╔══

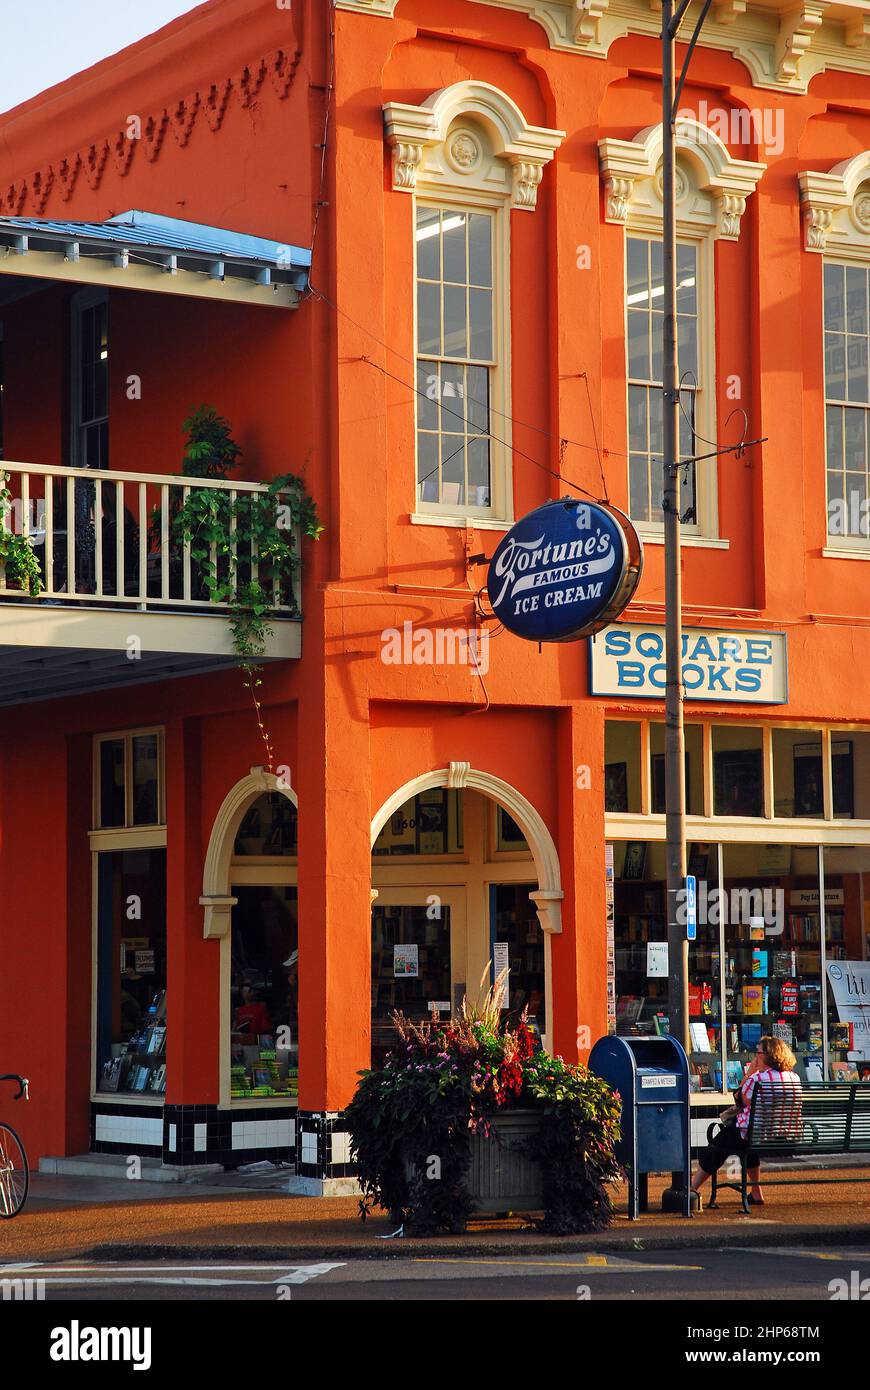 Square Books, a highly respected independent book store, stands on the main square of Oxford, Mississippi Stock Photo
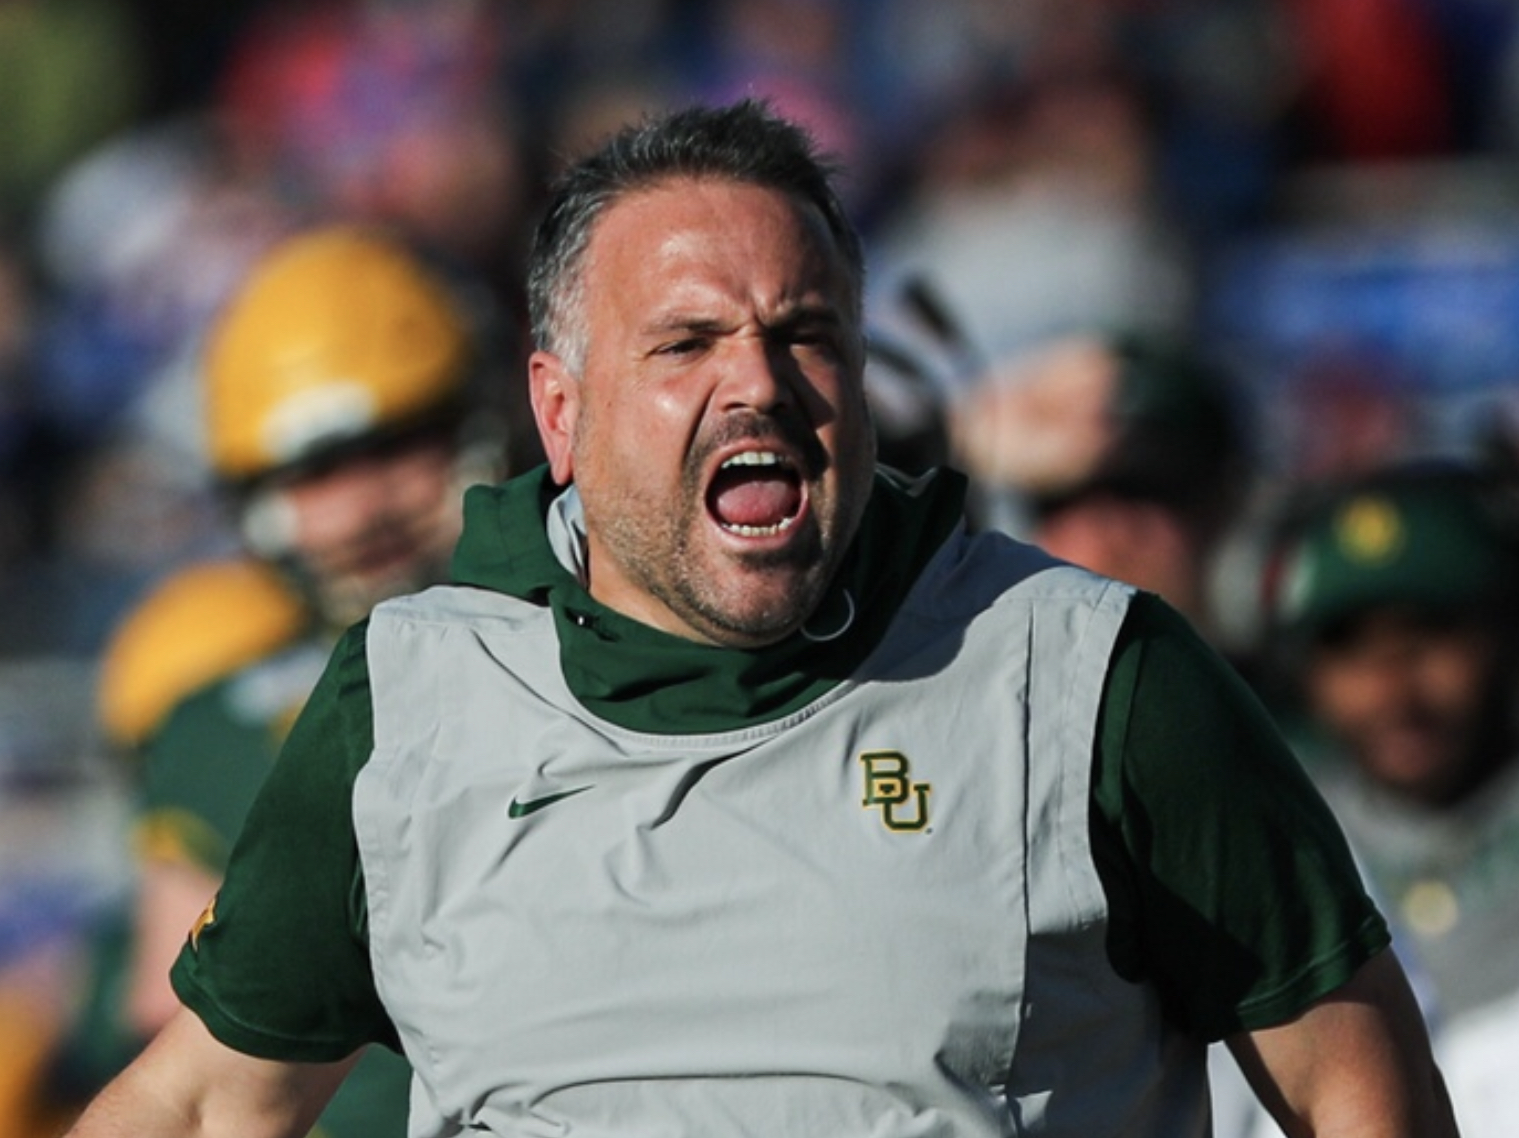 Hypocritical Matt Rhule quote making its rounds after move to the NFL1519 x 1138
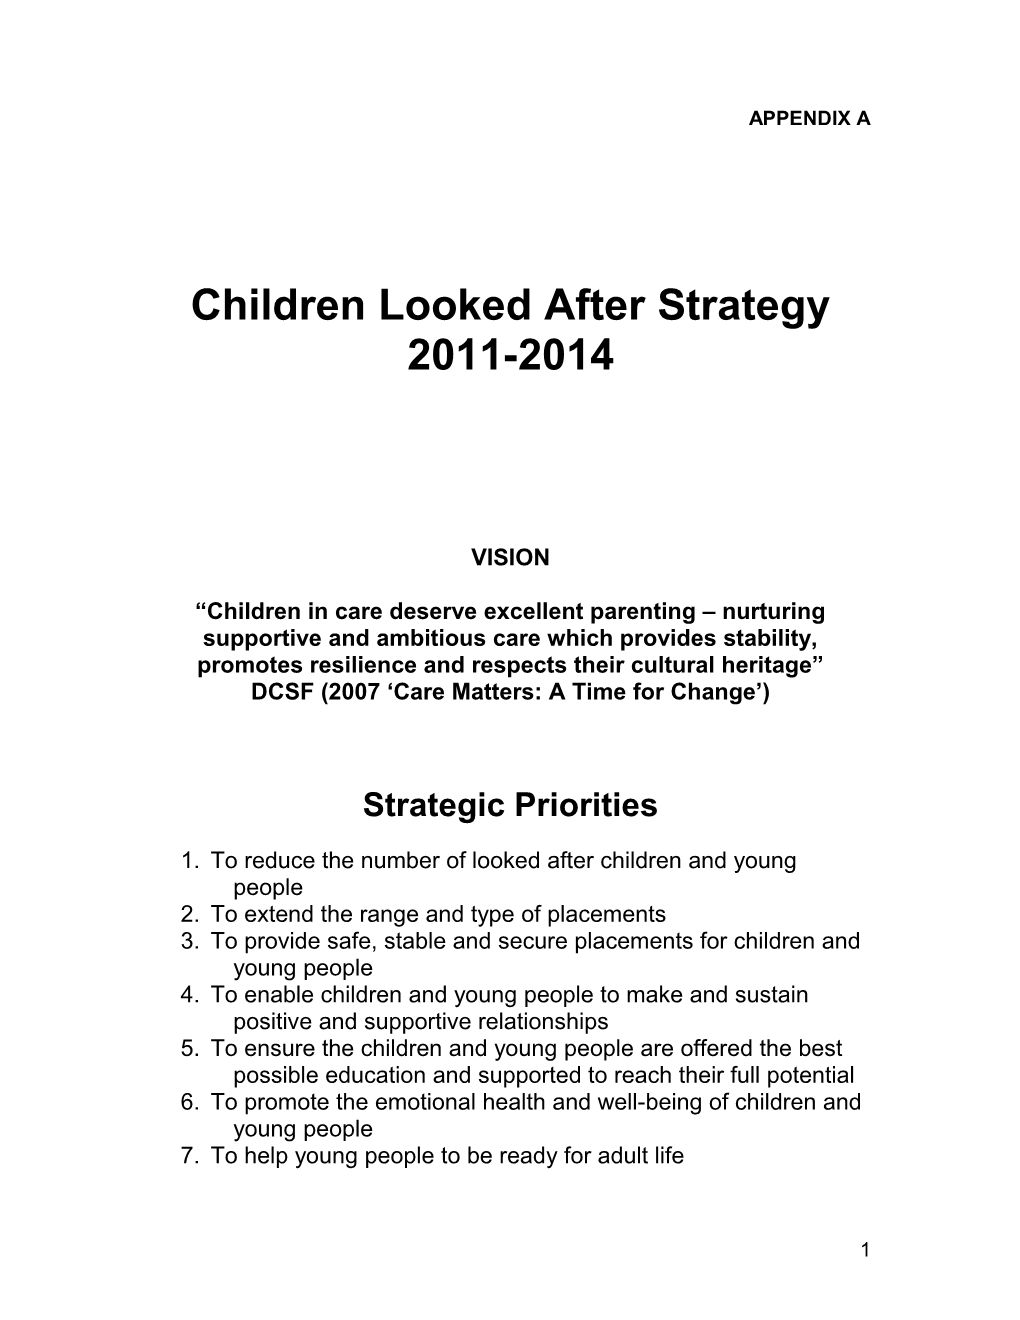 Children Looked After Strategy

╚══

§ **What is needed**
All of the material above should be reproduced exactly, except the pictures.

§ **Answer space**
 Square Books, a highly respected independent book store, stands on the main square of Oxford, Mississippi Stock Photo
 Hypocritical Matt Rhule quote making its rounds after move to the NFL1519 x 1138
 Children Looked After Strategy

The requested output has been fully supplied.